EXERCISE: Read through the listing below, and copy every line where the string "Tourmaline" appears.

------------------------------------------------

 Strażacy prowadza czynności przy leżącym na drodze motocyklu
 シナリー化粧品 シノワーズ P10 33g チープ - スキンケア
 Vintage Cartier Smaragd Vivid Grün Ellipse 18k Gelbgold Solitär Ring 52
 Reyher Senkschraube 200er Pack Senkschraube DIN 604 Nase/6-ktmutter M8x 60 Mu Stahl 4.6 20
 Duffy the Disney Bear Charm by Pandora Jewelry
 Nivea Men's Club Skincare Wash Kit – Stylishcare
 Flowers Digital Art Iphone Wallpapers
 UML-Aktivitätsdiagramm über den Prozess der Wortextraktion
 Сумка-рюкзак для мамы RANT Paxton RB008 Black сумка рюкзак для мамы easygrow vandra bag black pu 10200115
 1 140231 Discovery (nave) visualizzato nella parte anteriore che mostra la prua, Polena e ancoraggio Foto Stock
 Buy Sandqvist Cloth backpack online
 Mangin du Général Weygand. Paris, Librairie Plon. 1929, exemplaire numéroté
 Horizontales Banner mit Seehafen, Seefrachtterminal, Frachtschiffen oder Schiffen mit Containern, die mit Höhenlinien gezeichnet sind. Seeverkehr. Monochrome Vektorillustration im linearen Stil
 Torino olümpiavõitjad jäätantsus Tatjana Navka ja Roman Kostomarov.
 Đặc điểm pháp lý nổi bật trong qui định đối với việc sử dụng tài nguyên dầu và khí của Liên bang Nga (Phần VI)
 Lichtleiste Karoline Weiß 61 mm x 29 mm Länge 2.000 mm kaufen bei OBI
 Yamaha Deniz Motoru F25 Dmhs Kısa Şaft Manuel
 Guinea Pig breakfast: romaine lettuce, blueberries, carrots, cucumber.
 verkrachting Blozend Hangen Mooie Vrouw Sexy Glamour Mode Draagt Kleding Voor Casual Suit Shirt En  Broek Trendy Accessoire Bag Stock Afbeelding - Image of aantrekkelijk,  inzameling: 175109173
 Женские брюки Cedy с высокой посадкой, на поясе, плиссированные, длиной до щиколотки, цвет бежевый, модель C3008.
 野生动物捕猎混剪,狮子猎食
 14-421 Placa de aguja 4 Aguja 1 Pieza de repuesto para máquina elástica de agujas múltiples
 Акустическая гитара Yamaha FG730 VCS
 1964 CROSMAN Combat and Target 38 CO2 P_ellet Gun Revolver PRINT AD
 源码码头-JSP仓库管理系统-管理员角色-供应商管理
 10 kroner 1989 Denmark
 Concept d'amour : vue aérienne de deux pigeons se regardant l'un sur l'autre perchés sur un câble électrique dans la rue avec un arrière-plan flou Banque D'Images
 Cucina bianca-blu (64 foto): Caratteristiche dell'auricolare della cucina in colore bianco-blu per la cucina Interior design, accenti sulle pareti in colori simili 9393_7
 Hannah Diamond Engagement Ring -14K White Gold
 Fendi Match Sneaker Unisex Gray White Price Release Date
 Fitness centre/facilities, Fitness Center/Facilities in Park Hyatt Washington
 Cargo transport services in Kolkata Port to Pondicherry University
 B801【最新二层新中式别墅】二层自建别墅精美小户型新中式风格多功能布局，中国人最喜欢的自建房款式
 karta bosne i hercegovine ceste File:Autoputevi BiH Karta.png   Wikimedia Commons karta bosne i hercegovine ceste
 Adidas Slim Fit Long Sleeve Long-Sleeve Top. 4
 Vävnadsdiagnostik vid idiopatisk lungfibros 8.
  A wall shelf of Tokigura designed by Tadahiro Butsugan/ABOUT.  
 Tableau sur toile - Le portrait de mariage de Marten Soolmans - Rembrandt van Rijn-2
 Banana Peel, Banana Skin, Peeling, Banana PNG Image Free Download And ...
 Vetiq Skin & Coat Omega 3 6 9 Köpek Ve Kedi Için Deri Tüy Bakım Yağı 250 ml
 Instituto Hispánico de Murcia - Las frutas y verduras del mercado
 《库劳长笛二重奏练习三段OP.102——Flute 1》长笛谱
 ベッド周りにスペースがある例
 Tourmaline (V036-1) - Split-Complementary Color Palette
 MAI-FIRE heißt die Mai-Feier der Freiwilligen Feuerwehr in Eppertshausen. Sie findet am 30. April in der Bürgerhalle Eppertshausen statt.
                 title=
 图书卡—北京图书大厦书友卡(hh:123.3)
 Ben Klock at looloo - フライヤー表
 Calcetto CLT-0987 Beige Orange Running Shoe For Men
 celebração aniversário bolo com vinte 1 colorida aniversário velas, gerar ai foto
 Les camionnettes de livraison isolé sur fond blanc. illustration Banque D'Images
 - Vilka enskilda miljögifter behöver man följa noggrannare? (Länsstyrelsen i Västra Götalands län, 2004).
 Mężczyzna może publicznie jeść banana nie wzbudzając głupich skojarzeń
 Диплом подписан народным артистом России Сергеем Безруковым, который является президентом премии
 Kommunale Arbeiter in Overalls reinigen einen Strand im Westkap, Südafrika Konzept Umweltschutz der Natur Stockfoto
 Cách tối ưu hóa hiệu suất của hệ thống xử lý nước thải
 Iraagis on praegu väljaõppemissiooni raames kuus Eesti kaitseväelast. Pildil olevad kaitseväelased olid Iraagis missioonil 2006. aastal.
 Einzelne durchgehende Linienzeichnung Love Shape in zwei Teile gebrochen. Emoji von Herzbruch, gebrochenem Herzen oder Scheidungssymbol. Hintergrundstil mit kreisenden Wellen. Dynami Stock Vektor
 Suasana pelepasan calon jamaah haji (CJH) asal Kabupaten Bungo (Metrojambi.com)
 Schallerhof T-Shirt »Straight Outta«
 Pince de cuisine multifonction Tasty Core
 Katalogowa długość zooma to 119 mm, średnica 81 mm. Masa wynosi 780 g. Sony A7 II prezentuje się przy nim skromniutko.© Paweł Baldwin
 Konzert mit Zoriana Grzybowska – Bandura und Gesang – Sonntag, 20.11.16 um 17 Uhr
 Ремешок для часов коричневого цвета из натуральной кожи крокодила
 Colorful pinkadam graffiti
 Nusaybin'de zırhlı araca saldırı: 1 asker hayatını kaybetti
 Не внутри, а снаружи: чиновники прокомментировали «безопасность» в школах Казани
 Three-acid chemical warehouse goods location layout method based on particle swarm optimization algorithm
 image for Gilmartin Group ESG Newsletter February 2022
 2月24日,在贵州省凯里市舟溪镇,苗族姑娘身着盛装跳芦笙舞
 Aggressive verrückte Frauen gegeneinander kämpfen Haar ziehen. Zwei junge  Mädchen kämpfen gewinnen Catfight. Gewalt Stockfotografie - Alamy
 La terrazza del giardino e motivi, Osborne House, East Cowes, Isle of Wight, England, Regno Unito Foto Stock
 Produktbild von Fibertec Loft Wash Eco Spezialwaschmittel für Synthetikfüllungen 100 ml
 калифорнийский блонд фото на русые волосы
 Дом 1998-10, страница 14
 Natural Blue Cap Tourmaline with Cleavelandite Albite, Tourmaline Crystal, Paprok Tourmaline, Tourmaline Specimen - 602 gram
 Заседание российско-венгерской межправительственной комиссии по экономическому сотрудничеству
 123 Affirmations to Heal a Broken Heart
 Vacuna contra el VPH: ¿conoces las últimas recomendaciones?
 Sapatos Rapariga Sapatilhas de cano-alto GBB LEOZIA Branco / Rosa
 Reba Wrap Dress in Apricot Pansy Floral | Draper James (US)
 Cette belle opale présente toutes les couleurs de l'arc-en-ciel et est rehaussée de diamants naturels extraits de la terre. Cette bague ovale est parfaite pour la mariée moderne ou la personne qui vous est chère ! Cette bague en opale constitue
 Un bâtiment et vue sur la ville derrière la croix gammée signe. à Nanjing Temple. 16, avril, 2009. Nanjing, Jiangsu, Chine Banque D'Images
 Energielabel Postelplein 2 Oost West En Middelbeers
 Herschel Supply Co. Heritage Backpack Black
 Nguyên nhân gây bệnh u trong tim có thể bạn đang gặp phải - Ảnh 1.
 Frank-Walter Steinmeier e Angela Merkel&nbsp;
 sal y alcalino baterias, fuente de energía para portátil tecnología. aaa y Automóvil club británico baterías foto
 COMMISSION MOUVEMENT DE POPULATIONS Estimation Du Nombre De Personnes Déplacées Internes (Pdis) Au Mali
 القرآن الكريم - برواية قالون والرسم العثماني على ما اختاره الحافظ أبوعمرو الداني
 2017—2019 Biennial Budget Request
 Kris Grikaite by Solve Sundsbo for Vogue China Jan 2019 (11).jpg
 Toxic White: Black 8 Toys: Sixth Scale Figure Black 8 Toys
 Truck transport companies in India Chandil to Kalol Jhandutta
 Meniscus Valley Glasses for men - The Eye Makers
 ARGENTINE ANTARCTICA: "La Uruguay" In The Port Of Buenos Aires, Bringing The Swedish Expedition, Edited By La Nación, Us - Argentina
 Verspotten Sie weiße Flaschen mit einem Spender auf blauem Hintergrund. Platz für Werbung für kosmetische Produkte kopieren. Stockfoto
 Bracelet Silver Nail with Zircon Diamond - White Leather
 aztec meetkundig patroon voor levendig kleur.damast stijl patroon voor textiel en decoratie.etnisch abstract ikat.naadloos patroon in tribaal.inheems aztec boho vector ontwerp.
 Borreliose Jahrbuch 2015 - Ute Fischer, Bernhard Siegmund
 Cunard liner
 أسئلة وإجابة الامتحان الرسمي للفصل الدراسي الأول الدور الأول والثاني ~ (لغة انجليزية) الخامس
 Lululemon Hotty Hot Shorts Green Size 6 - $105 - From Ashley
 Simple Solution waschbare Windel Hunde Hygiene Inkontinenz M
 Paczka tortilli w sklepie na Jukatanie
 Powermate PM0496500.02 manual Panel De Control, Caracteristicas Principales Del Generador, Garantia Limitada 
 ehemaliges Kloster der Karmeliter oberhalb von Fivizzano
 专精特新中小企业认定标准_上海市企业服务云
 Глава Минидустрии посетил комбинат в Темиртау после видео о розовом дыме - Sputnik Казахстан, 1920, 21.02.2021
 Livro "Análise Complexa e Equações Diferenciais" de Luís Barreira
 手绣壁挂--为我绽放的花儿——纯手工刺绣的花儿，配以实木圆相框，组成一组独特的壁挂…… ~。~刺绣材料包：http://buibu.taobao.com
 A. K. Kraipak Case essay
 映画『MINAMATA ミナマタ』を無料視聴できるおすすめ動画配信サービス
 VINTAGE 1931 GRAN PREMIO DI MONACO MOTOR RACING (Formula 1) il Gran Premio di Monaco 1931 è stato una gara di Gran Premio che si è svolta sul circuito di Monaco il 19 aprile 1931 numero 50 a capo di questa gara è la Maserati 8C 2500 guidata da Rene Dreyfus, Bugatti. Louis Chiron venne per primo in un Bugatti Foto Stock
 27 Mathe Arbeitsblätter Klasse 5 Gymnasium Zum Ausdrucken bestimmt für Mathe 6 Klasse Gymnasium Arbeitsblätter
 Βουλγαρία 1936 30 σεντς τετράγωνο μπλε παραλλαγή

------------------------------------------------

RESPONSE BELOW:
 Tourmaline (V036-1) - Split-Complementary Color Palette
 Natural Blue Cap Tourmaline with Cleavelandite Albite, Tourmaline Crystal, Paprok Tourmaline, Tourmaline Specimen - 602 gram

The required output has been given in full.